→ **SUPPLIED INFORMATION**:
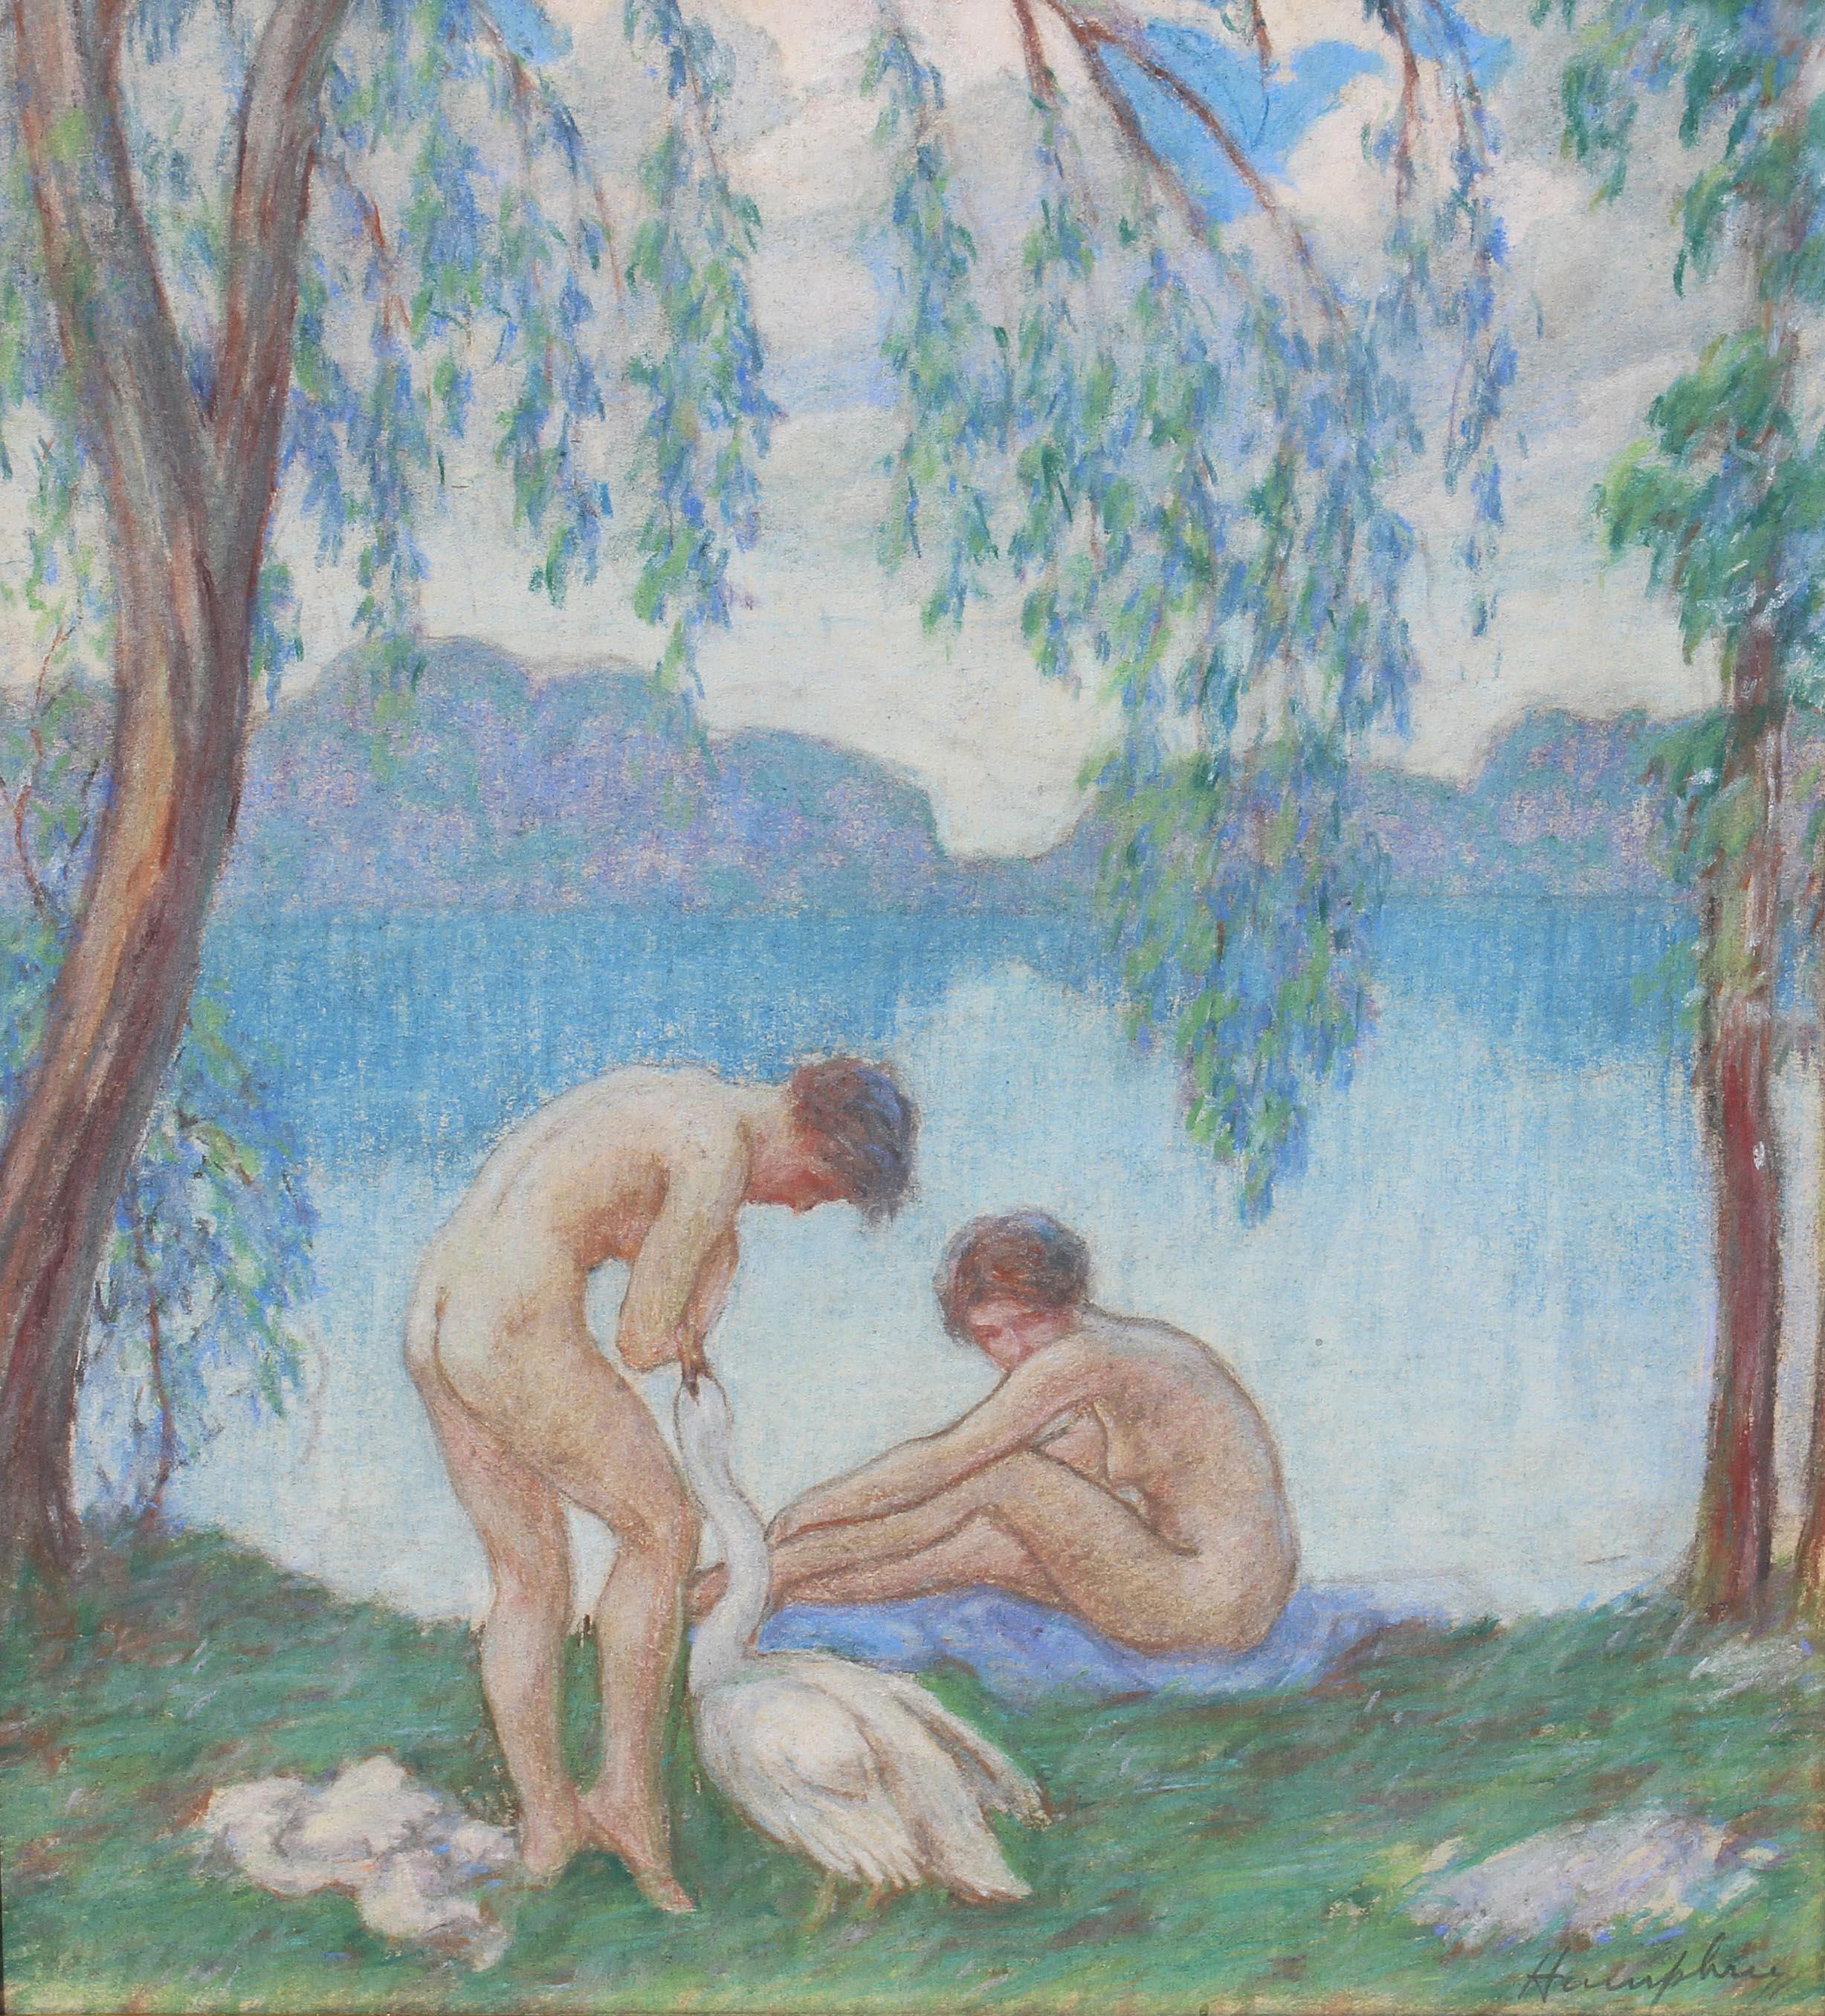  Peinture impressionniste - Baigneurs nus par David Humphrey
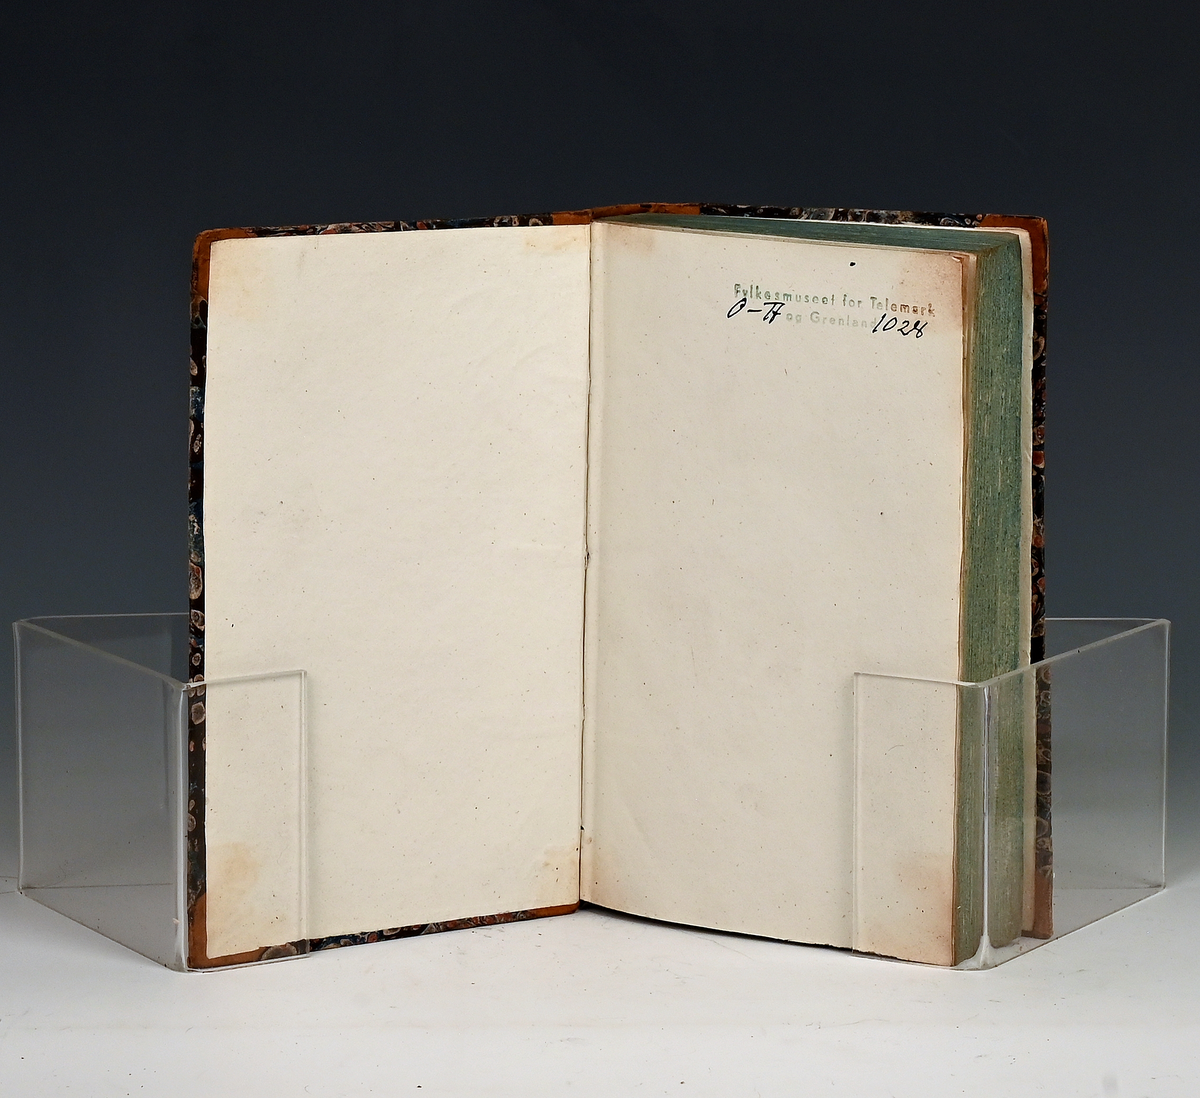 Maanedsskrift for litteratur. Tredie bind. Kbhv. 1830.
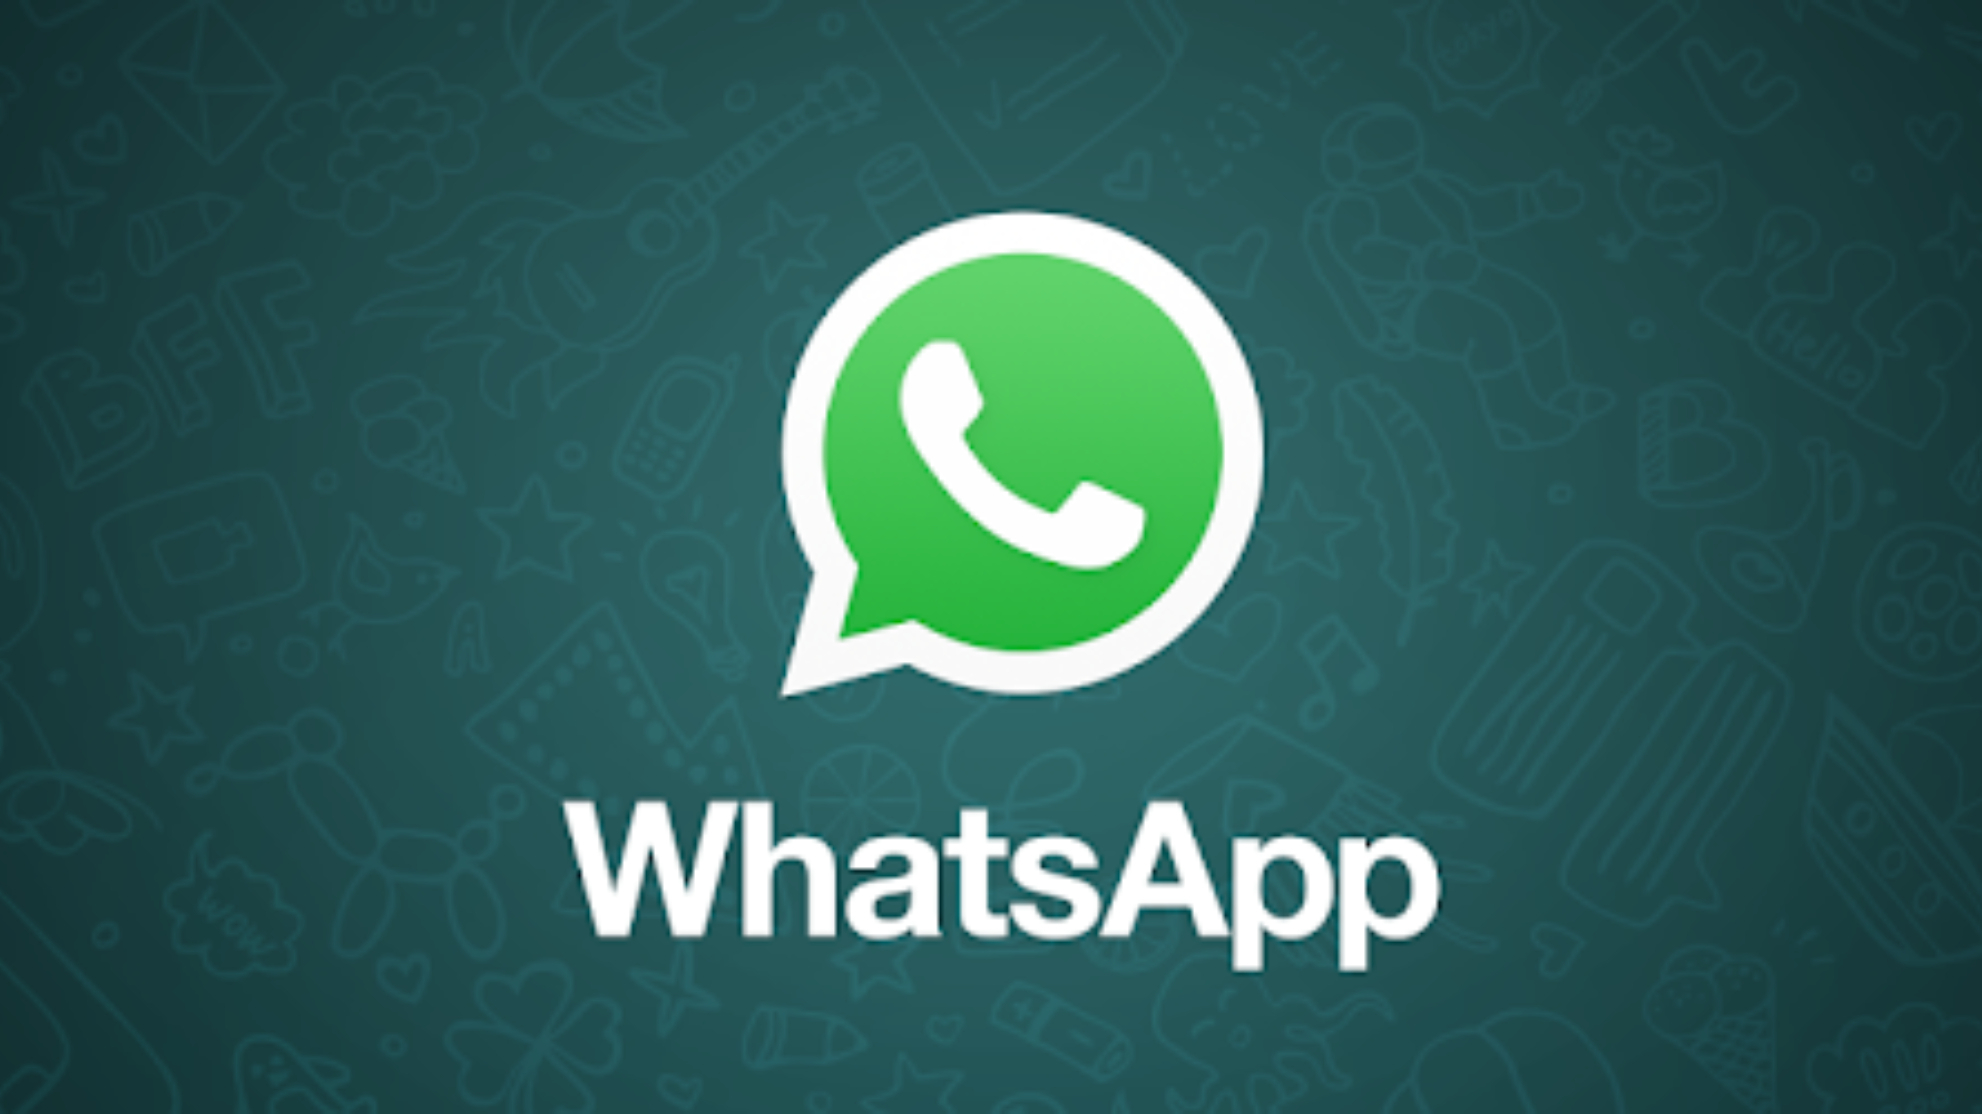 WhatsApp Plus 2022: W ten sposób możesz dowiedzieć się, czy masz oryginalny pakiet APK na swoim telefonie komórkowym

→ **WHAT YOU NEED TO DO**: Copy out all of the data word for word. Do not carry over any picture.

→ **RESPONSE FOR THIS EXERCISE**:
  Peinture impressionniste - Baigneurs nus par David Humphrey
 Maanedsskrift for litteratur. Tredie bind. Kbhv. 1830.
 WhatsApp Plus 2022: W ten sposób możesz dowiedzieć się, czy masz oryginalny pakiet APK na swoim telefonie komórkowym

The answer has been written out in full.